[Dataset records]
═══

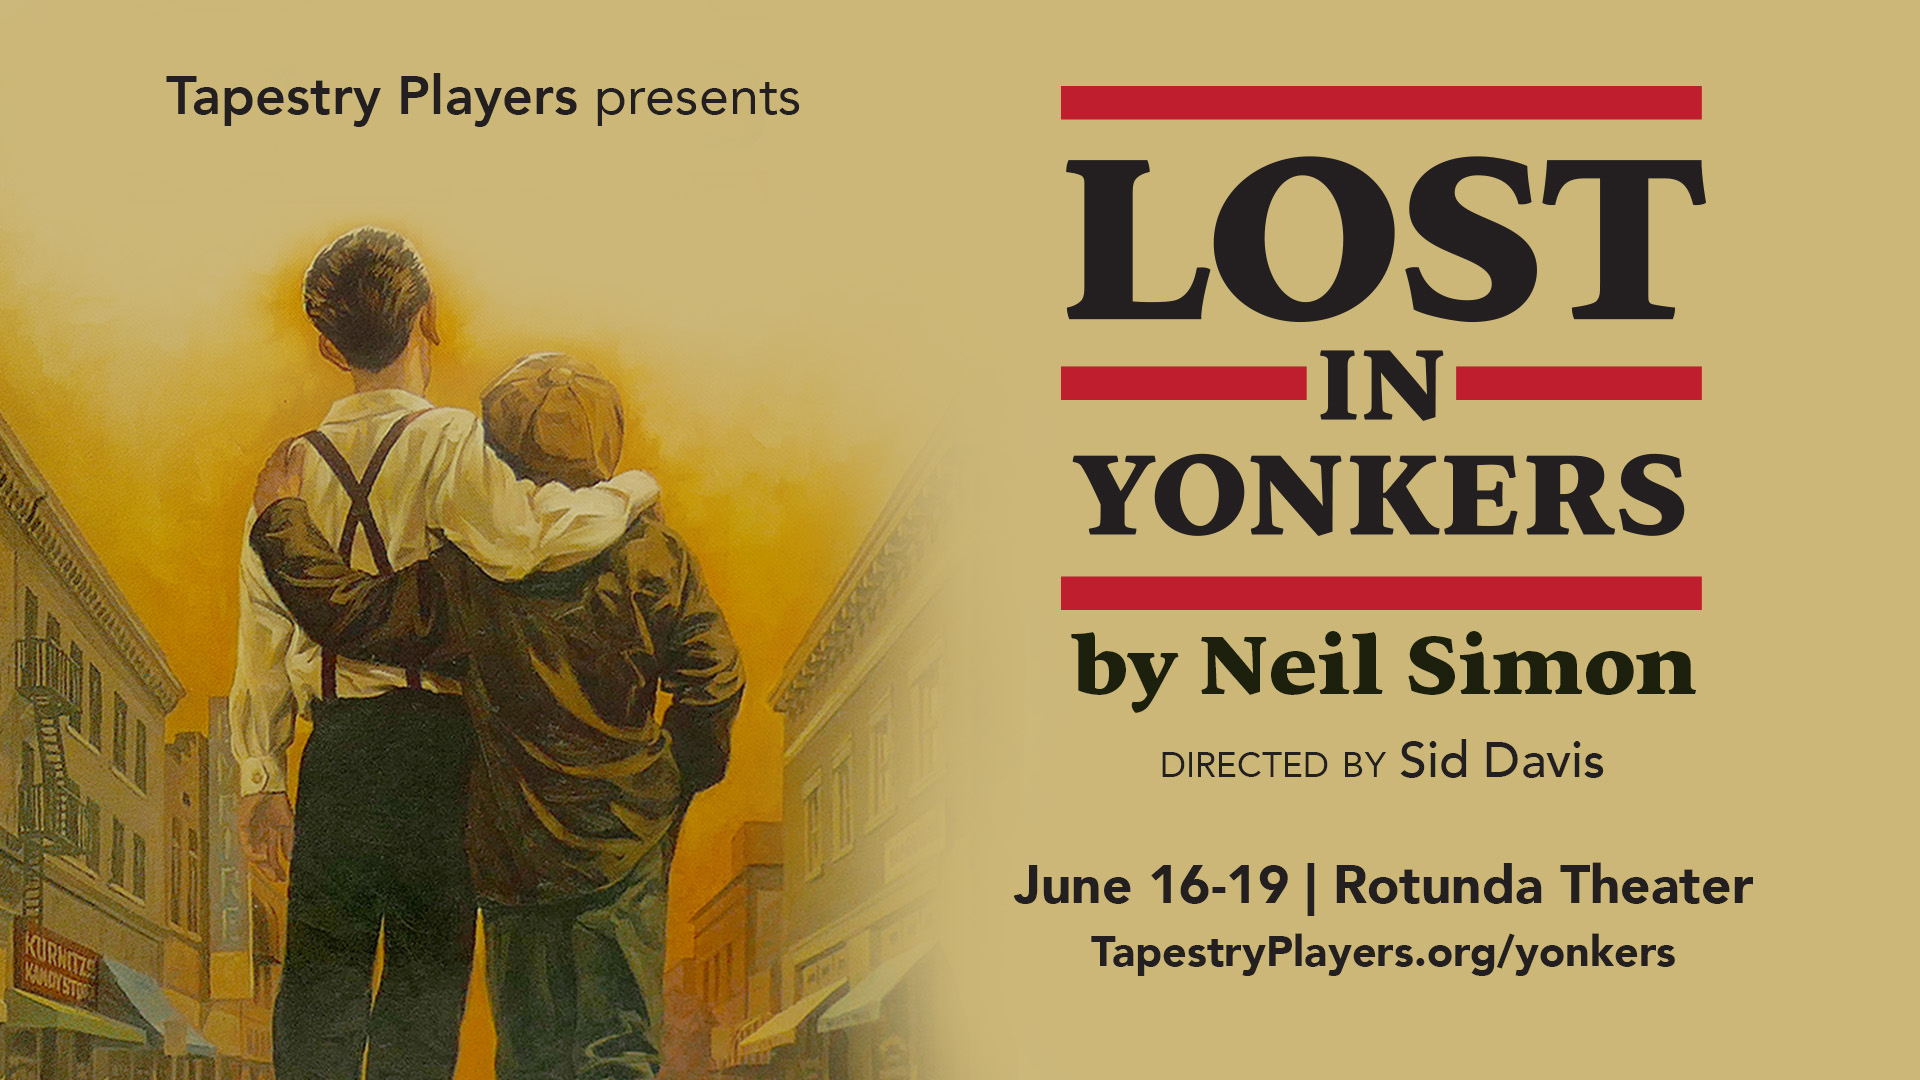 Tapestry Players presents Lost in Yonkers
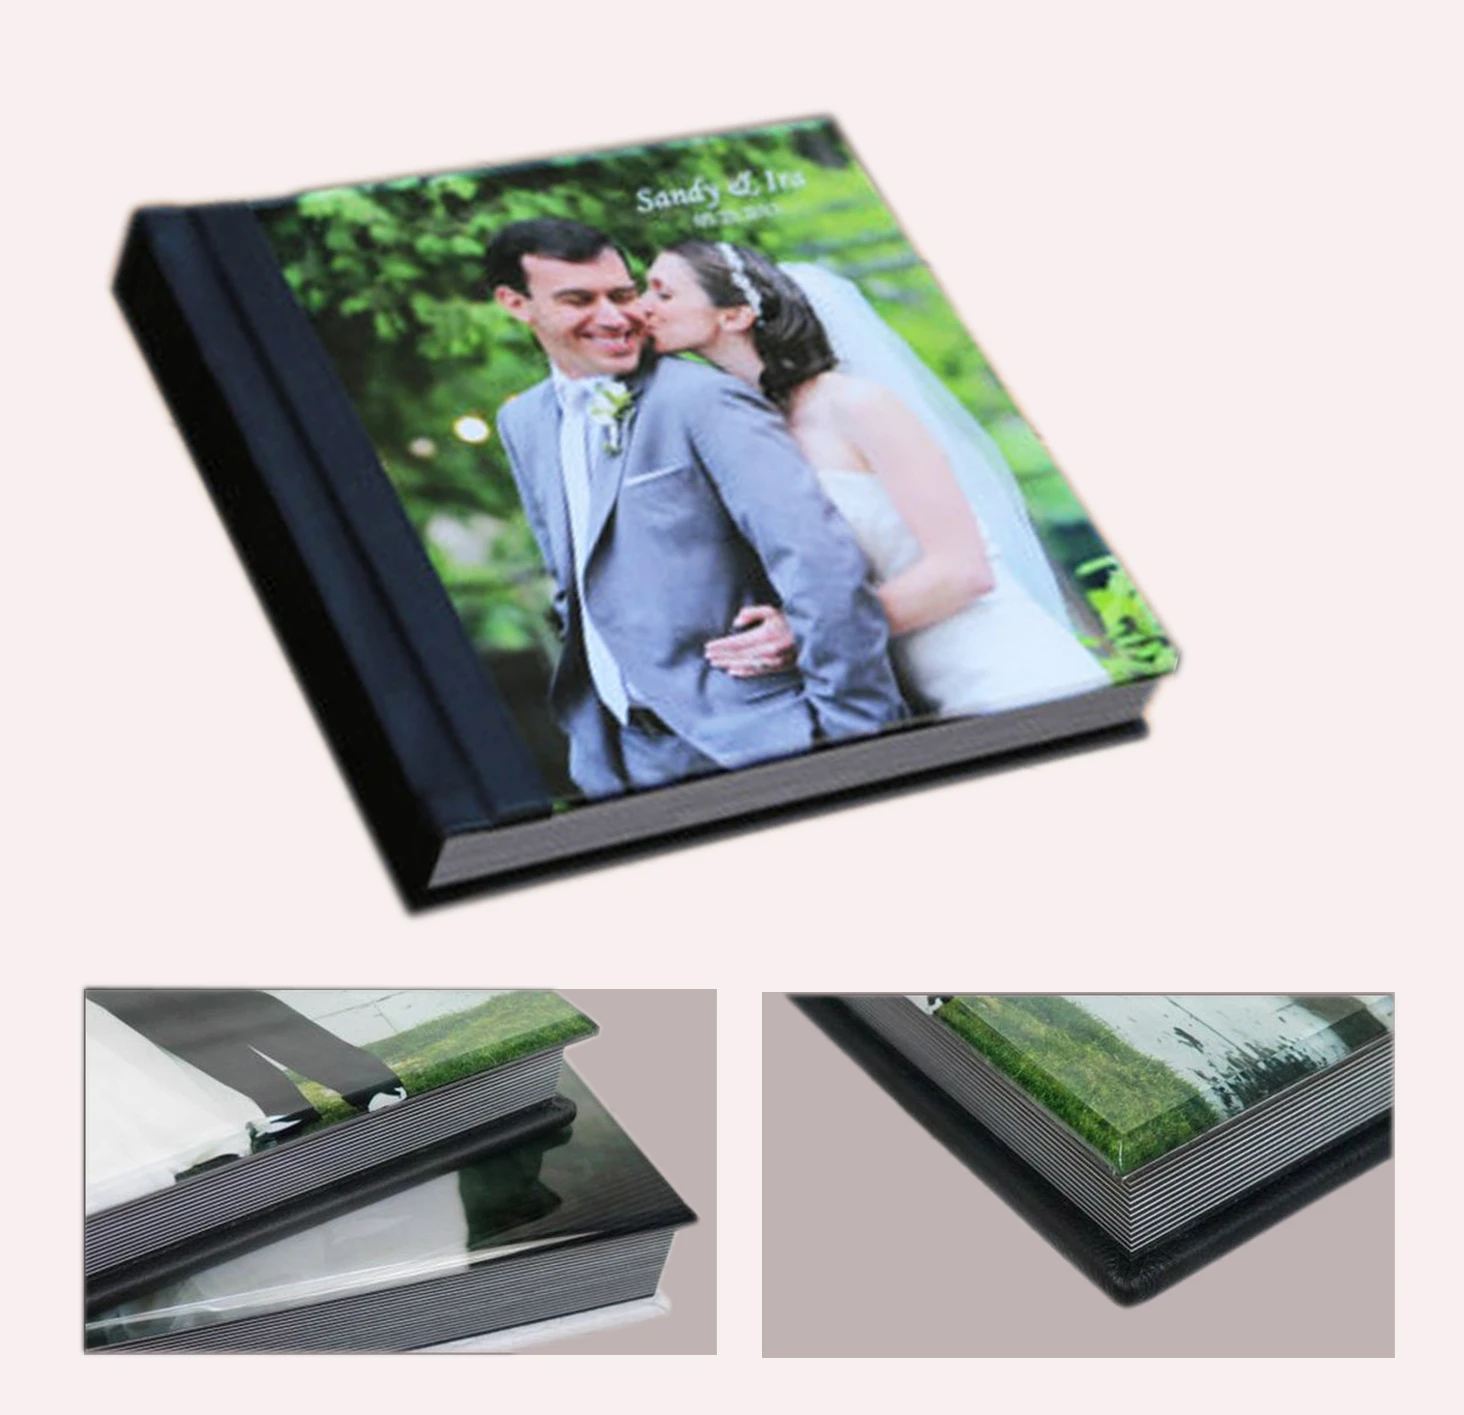 Ultra photo Albums Acrylic Albums And Wedding Albums Made With High Quality Acrylic
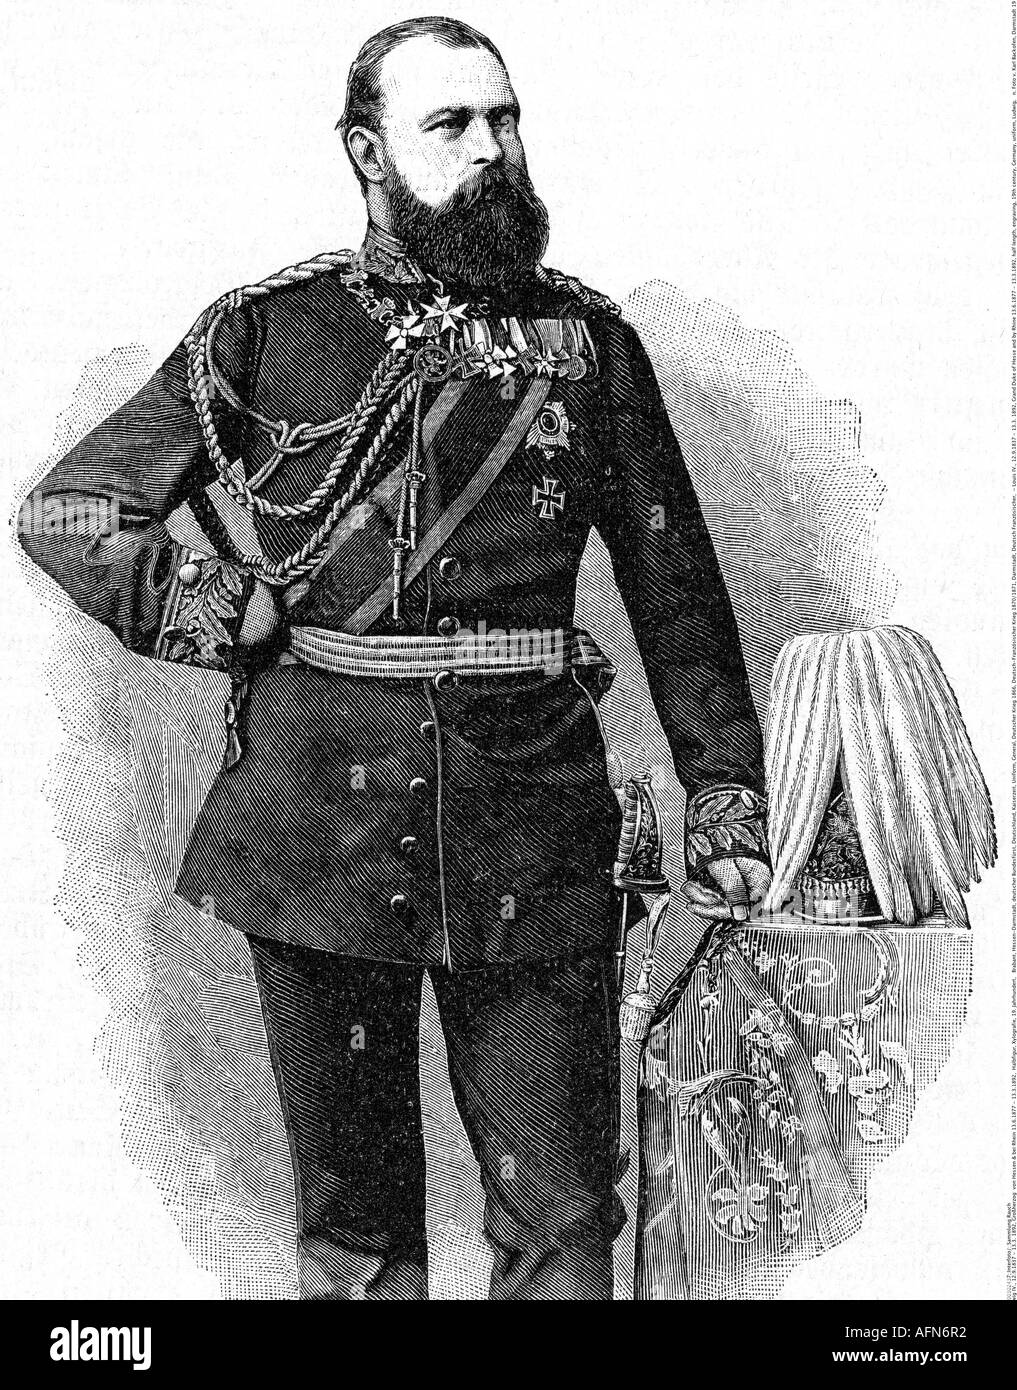 Louis IV., 12.9.1837 - 13.3. 1892, Grand Duke of Hesse and by Rhine 13.6.1877 - 13.3.1892, half length, engraving, 19th century, , Stock Photo
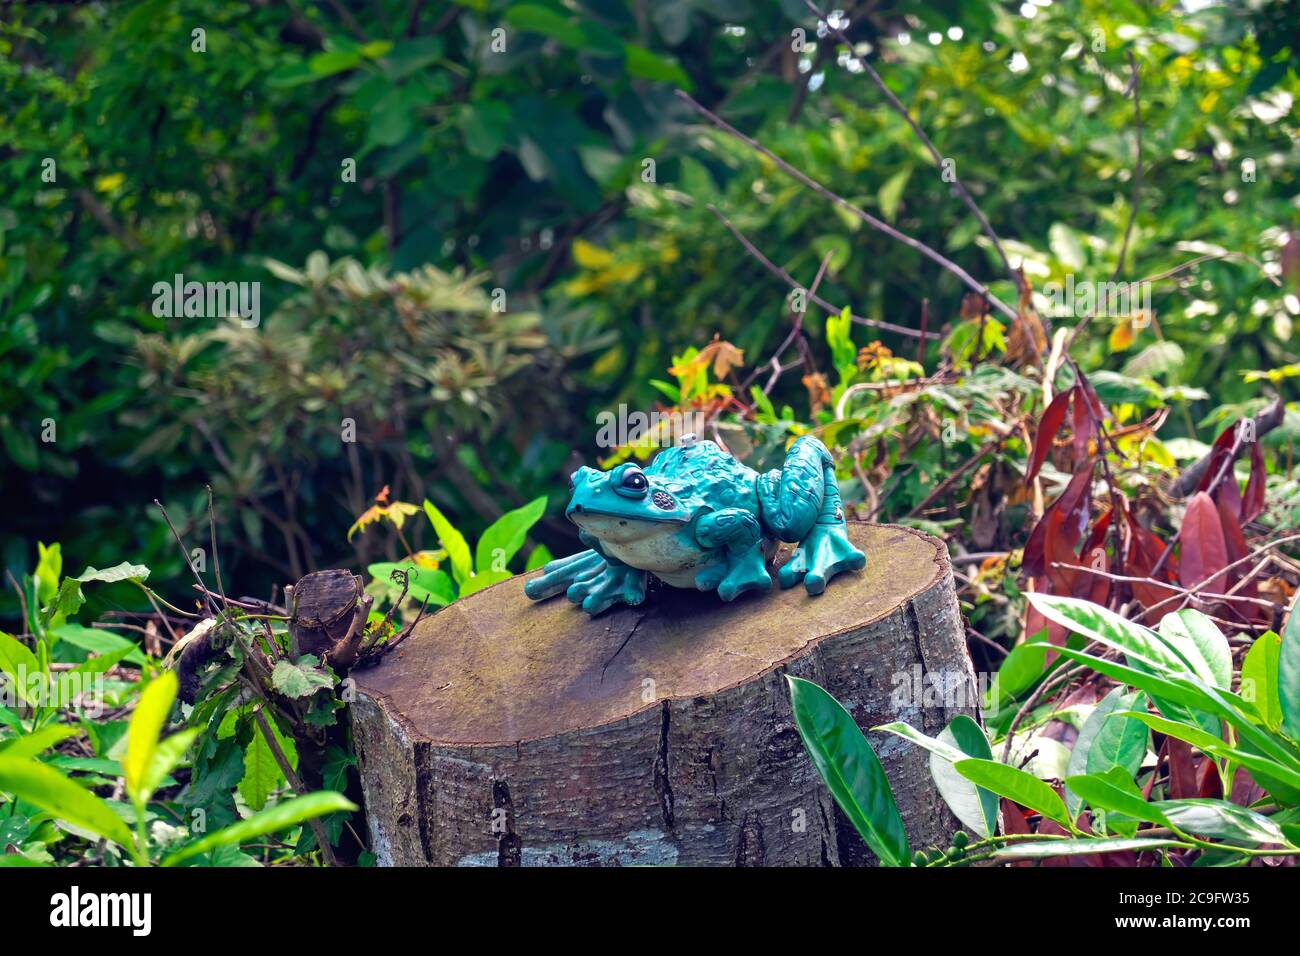 An ornamental turquoise garden frog sitting on a tree stump with shrubs in the background. Stock Photo
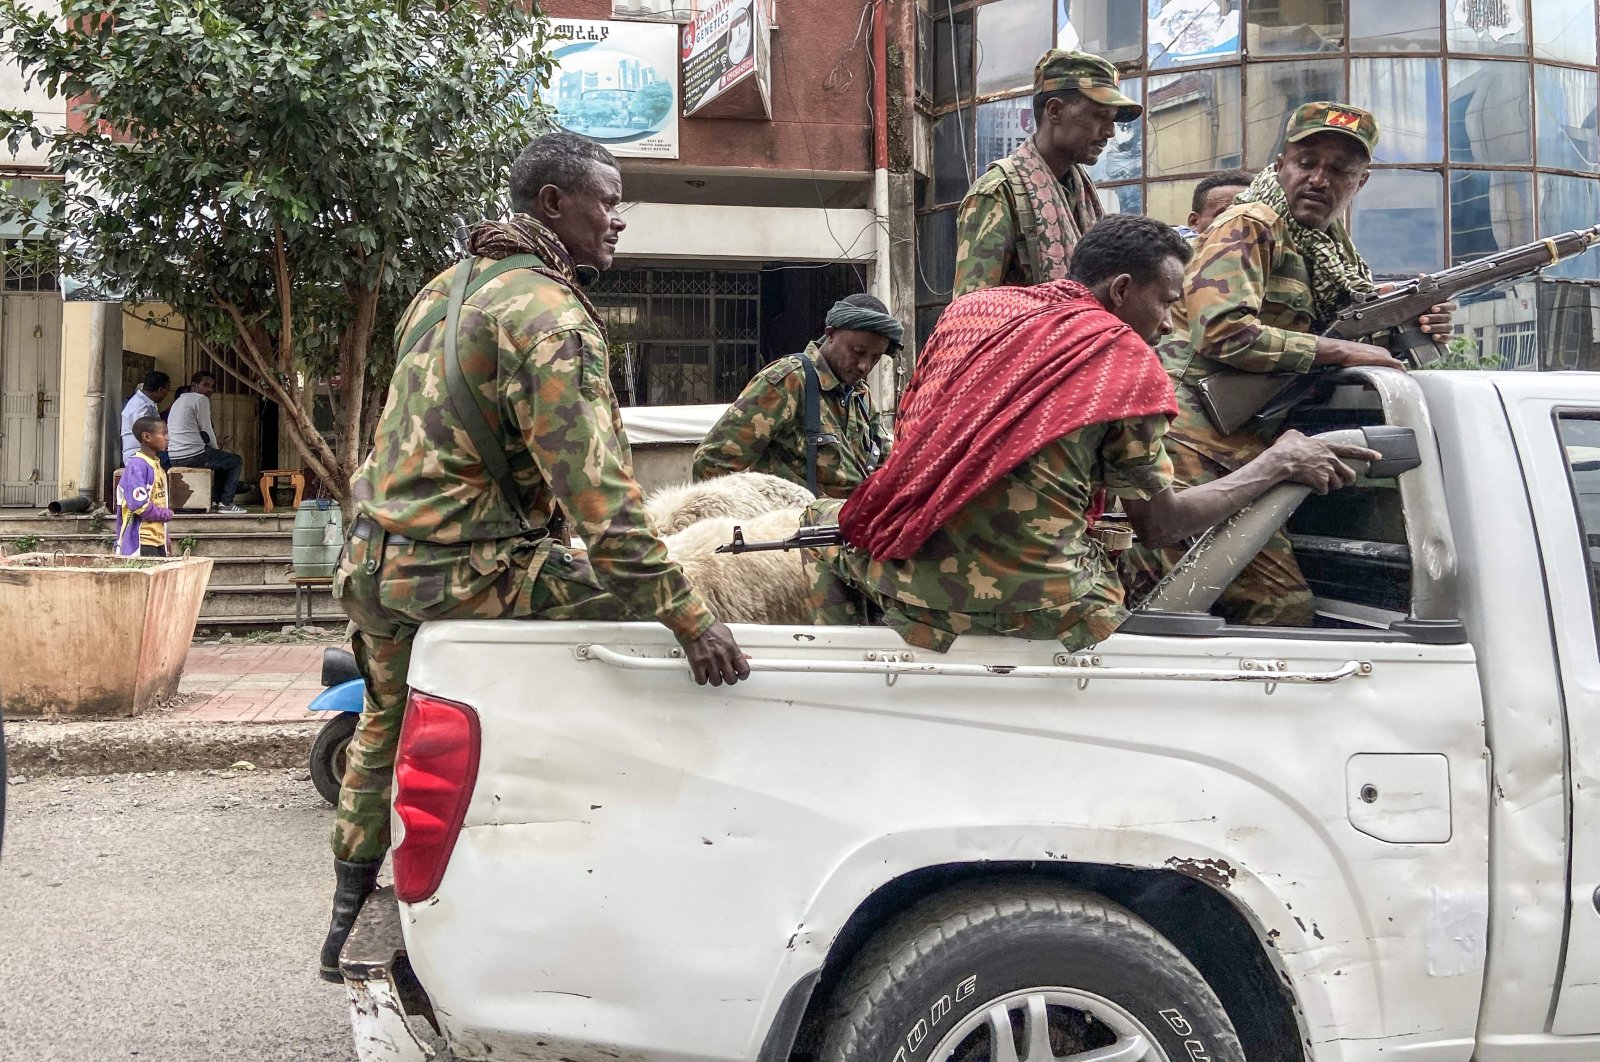 Members of the Amhara militia, which combat alongside federal and regional forces against forces in the northern region of Tigray, ride on the back of a pickup truck in the city of Gondar, Nov. 8, 2020. (AFP Photo)

═══

The task:
Could you reproduce the records above exactly, leaving out the pictures?

Answer to this problem:
 Tapestry Players presents Lost in Yonkers
 Ultra photo Albums Acrylic Albums And Wedding Albums Made With High Quality Acrylic
 Louis IV., 12.9.1837 - 13.3. 1892, Grand Duke of Hesse and by Rhine 13.6.1877 - 13.3.1892, half length, engraving, 19th century, , Stock Photo
 An ornamental turquoise garden frog sitting on a tree stump with shrubs in the background. Stock Photo
 Members of the Amhara militia, which combat alongside federal and regional forces against forces in the northern region of Tigray, ride on the back of a pickup truck in the city of Gondar, Nov. 8, 2020. (AFP Photo)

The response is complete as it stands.